I think this is a very old style of training which is not really ideal anymore. I would go to another trainer. I don't think any trainer should jump straight to that type of technique without having tried other things. Nothing is a quick fix.


----------



## Cassidy's Mom (Mar 30, 2003)

Holmeshx2 said:


> also for the record this "cradle and massage" technique is where you sit on the ground take the dog in your lap the dogs chest should be against your stomach with them laying on their side on your lap front legs around one side of you back legs on the other and you lean over the top of them and pin them in your lap basically and physical restrain them until they quit struggling.


No, that is definitely different than what Ian Dunbar recommends, and what we did in class. You do start with a puppy, and their back is supported against your chest. Here is Halo with me in class:


----------



## robk (Jun 16, 2011)

Thank you everyone for the feedback. Holmeshx2, it sounds like you have run across her as well. You are right in a couple of observations. First of all the dogs that I saw her working with were nothing like my dog, they were very laid back looking. 2nd. the dog that she had a handler demonstrate it on was a younger pup. When we did it, it did not go so well because my boy is much bigger and very determined not to be held down. I am not a dog trainer so I just went along with it and decided to do some more research before I tried anything like that again.


----------



## Good_Karma (Jun 28, 2009)

This trainer is giving Cradle and Massage a bad name.  It has NOTHING to do with establishing dominance. And it is NOT meant for a puppy that old, it's meant for a very young puppy.


----------



## Holmeshx2 (Apr 25, 2010)

yes she wanted us to do it with Jinx at 6 months old to force her to be calm before SAR because she would get super worked up to work. She leaks drive like crazy and apparently this was gonna work. Don't listen to her I know exactly who u are talking to and while I was attempting to use her for SAR training I realized she was full of it on that too and dropped she doesnt train the handlers doesnt get any dogs certified and still brings them out to searches and tries to play the loophole of they are in training and covered under her certification.
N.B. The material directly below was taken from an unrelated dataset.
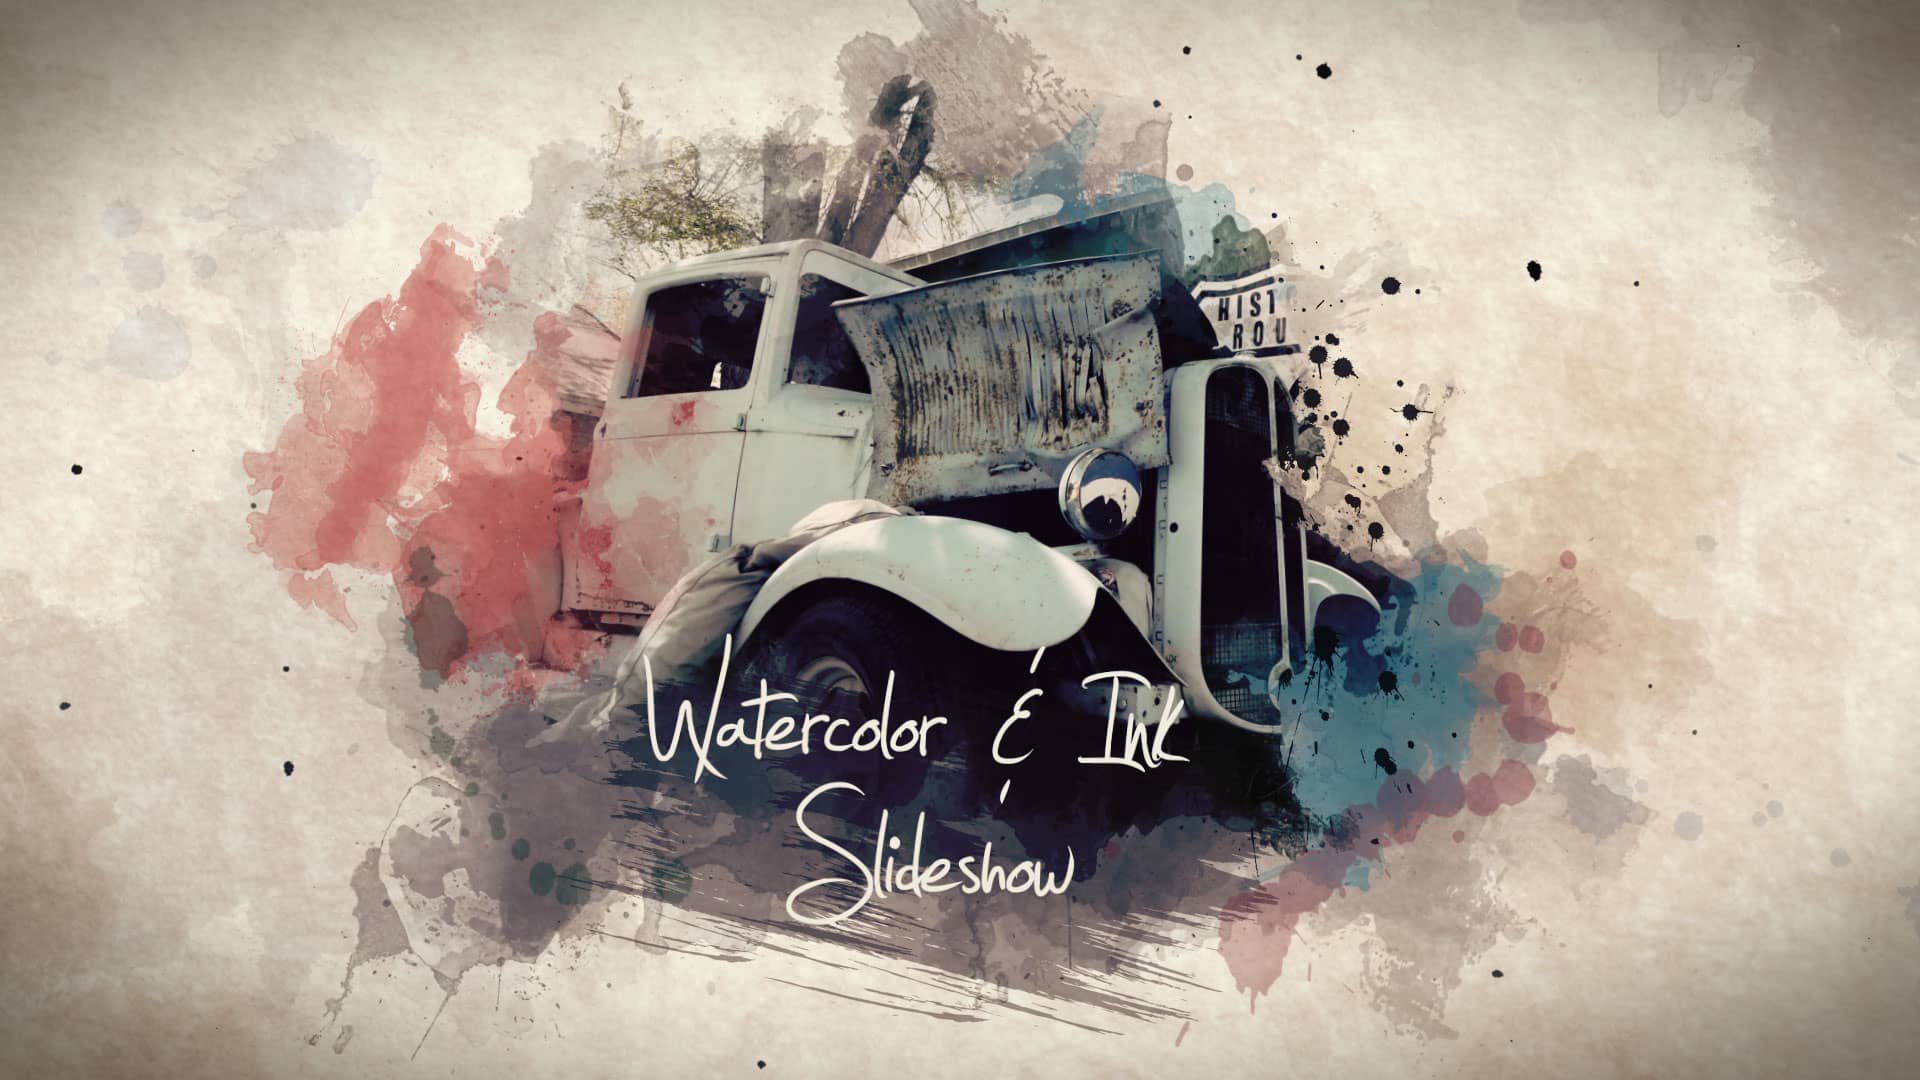 watercolor-ink-slideshow-after-effects-template-on-vimeo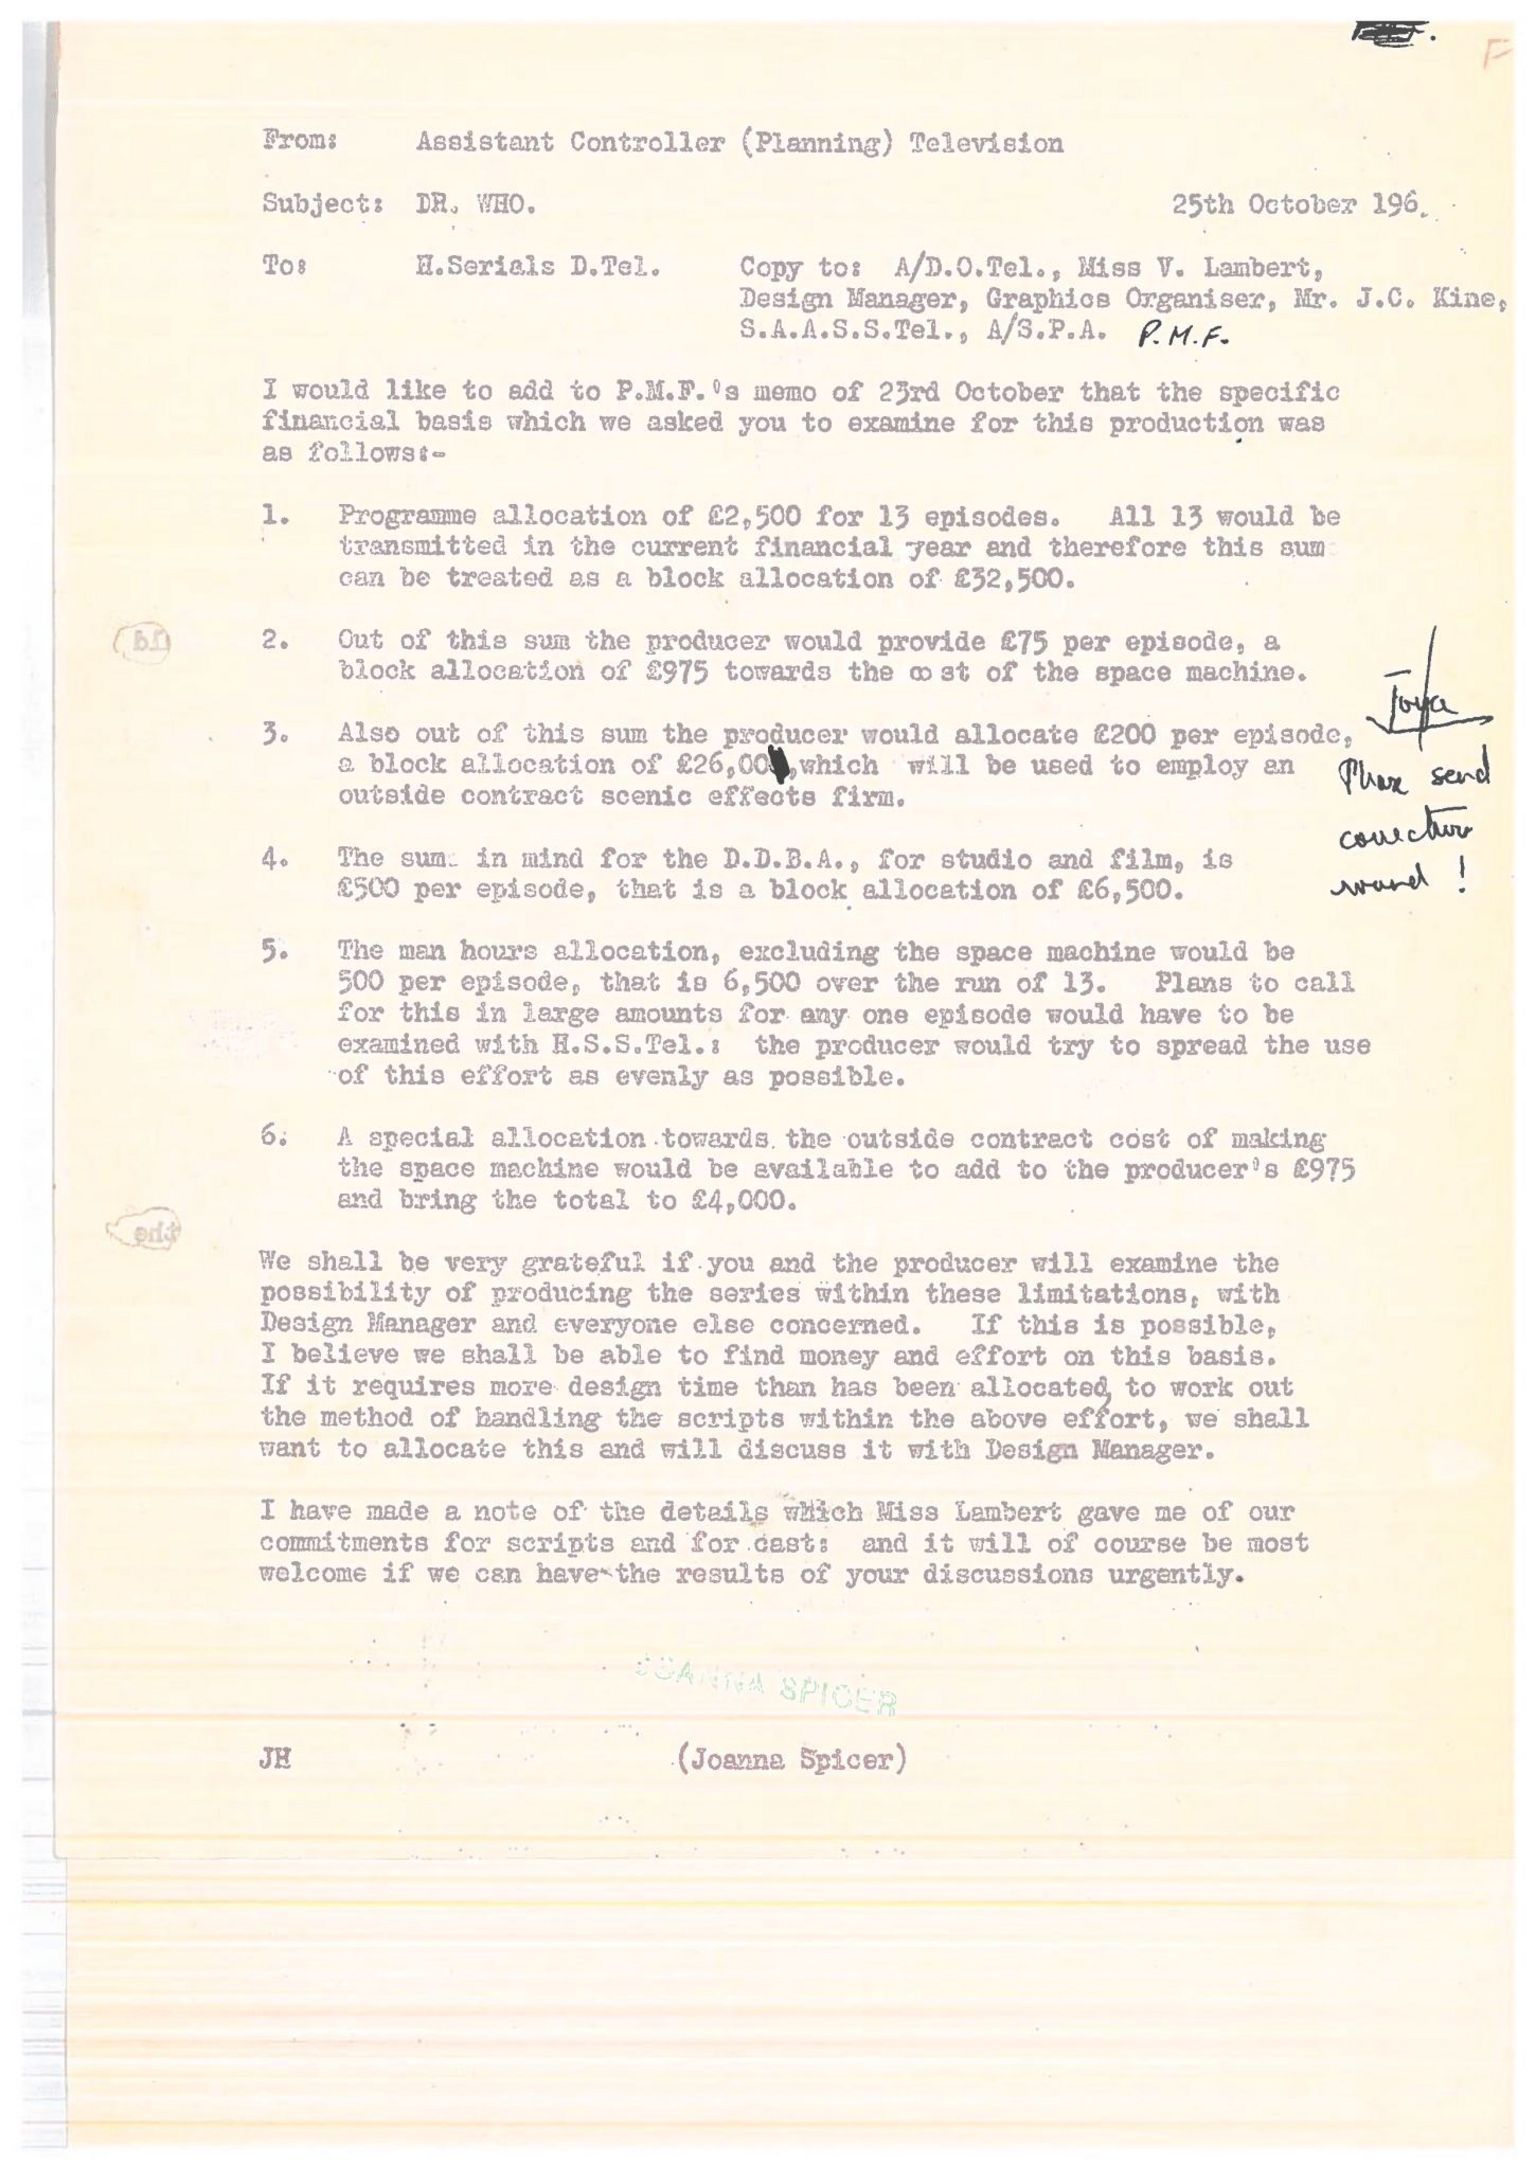 A letter dated the 25th October 1963 from Assistant Controller of Television, Joanna Spicer

Its all a joke, dogs she has as top dogs on her teams could never certify (the top one is dog aggressive) and never spent a single moment working on navigation skills or anything for the handlers

Debbie that is definitely not it Jinx was over 50 lbs and she had me trying to do that then was not happy when I sat on the ground and had jinx in my lap but just cuddled her lol. With this position the dogs side and part of its back should be on your legs with its legs angled up behind your back so they arent on the ground


----------